My Blog List

Tuesday, April 28, 2009

Deathly Prose

Mark Twain described the Book of Mormon as "cloroform in print" and anyone who has struggled with that glutinous tome and its turgid, pseudo-Jacobean prose would surely agree with Twain's assessment. As a religious institution, however, the Mormons have no monopoly on soporific reading, as witness this deadly gem recently sent me by my pal Banished Child of Eve, who alerted: "In case you thought being a Catholic theologian was an interesting job." It takes the form of a press release last year from DePaul University, announcing what must have been a truly scintillating conference last fall: "Transformed by Hope: Building a Catholic Theology for the Americas."

Boy, that title really grabs you, doesn't it (and wouldn't you have killed to have attended)? It gets better. Here's a little snippet from the announcement (take a deep breath):
When Pope Benedict XVI traveled to Aparecida, Brazil in May of 2007 for the beginning of the Fifth General Conference of CELAM, he underscored the continuity of this gathering with the four that preceded it: Rio de Janeiro (1955), Medellín (1968), Puebla (1979), and Santo Domingo (1992). But Pope Benedict also acknowledged the newness of the situation to be analyzed at Aparecida and cited in that context the phenomenon of globalization as a potentially unifying but also risk-filled network of relationships extending over the whole planet.

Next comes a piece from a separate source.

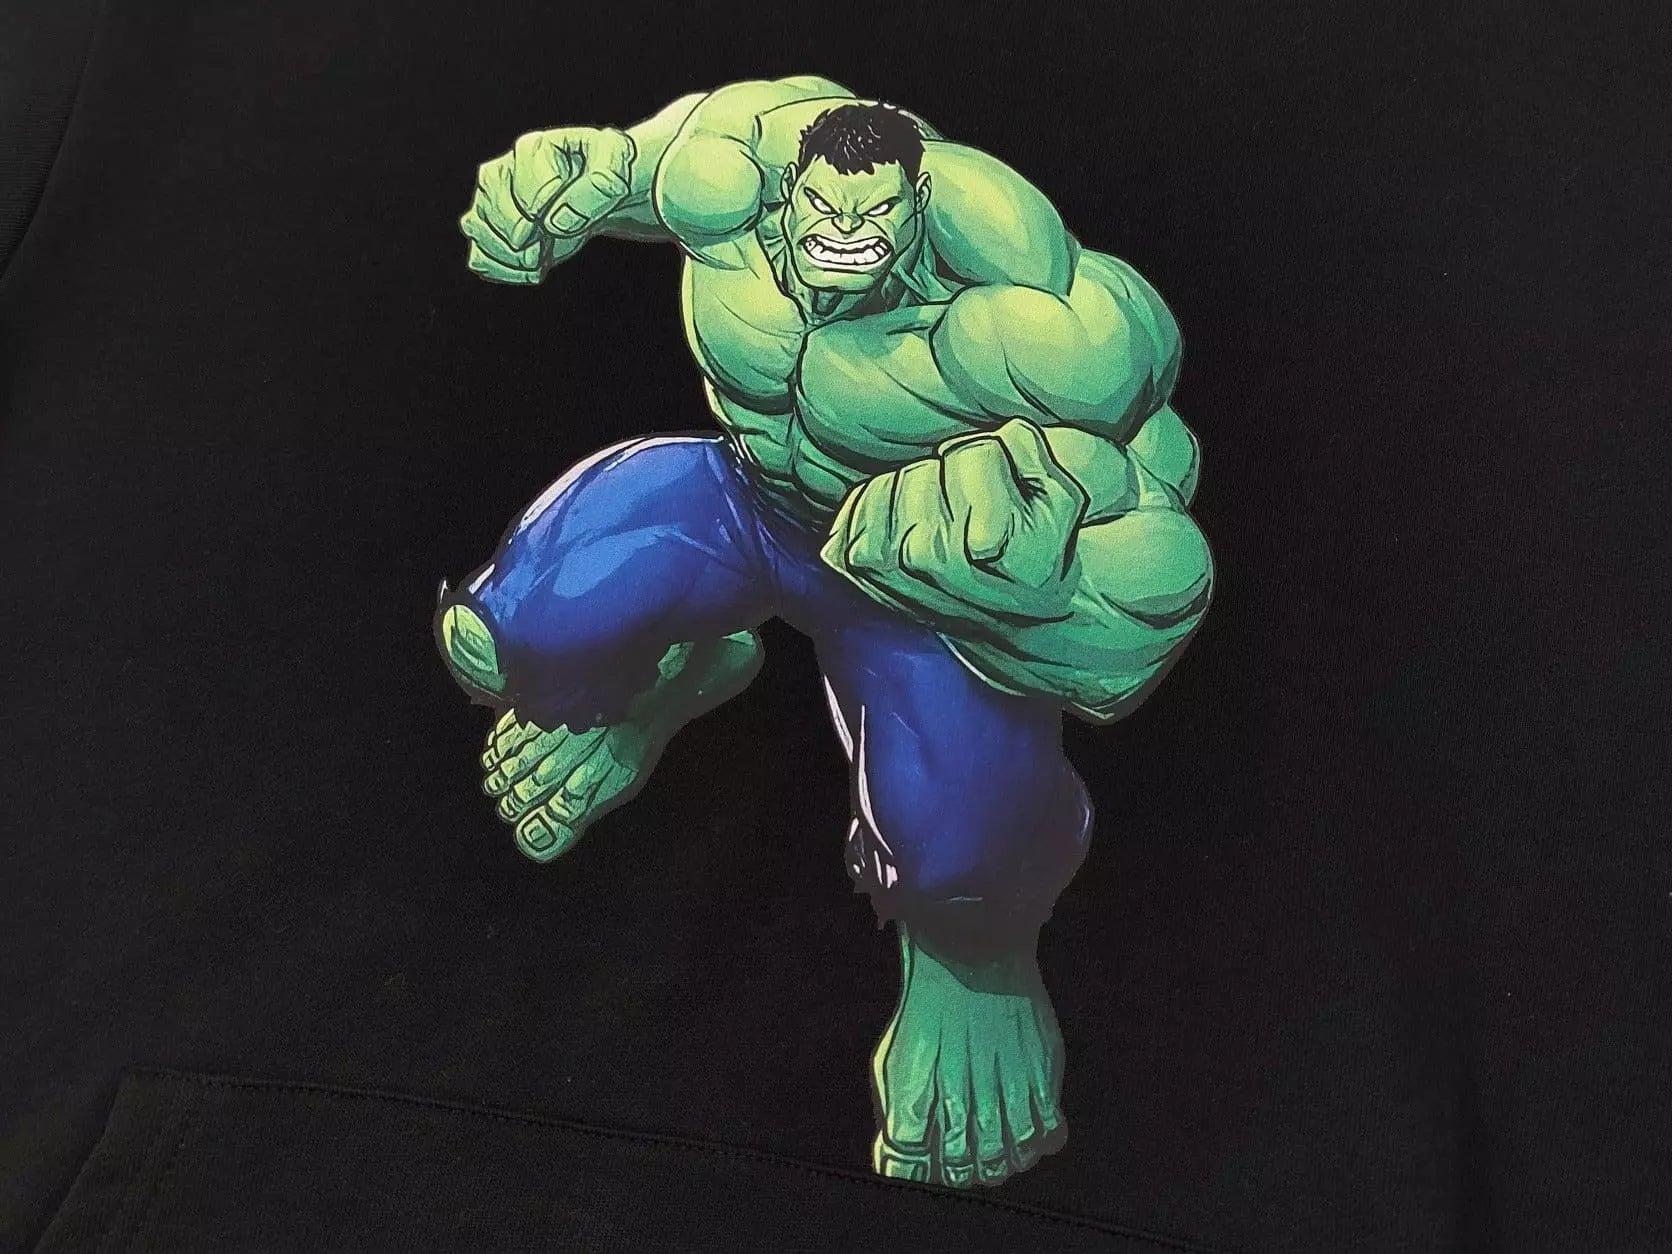 Moletom Hulk Smash com Capus - Preto

The other changes that have taken place since 1968 include developments within the Latin American theology of liberation that Medellín helped to create as well as critical responses to certain currents of a theology of liberation from the Congregation for the Doctrine of the Faith and elsewhere. There is also a new awareness today of the tremendous impact of the globalization of markets on the daily life of the human family. Globalization presents both new opportunities and challenges, but the call of the Gospel to address the plight of the poor remains as urgent as it was in 1968. Moreover, in his post-synodal apostolic exhortation Ecclesia in America Pope John Paul II affirmed that the borders of the Church on the American hemisphere are not national borders. He recalled he clear message of the Gospel to seek a social solidarity rooted in the Trinitarian communion. He enjoined Catholics on this hemisphere to build up ecclesial bonds—relationships of love and mutual support—between the members of the Church in North and South America. Many dioceses have heard this call—including the Archdiocese of Chicago—and have responded by establishing transcontinental ties between parishes and dioceses.
It's kind of like those countless press statements that continually emanate from the offices of the Episcopal Church and United Nations, only without their sparkle.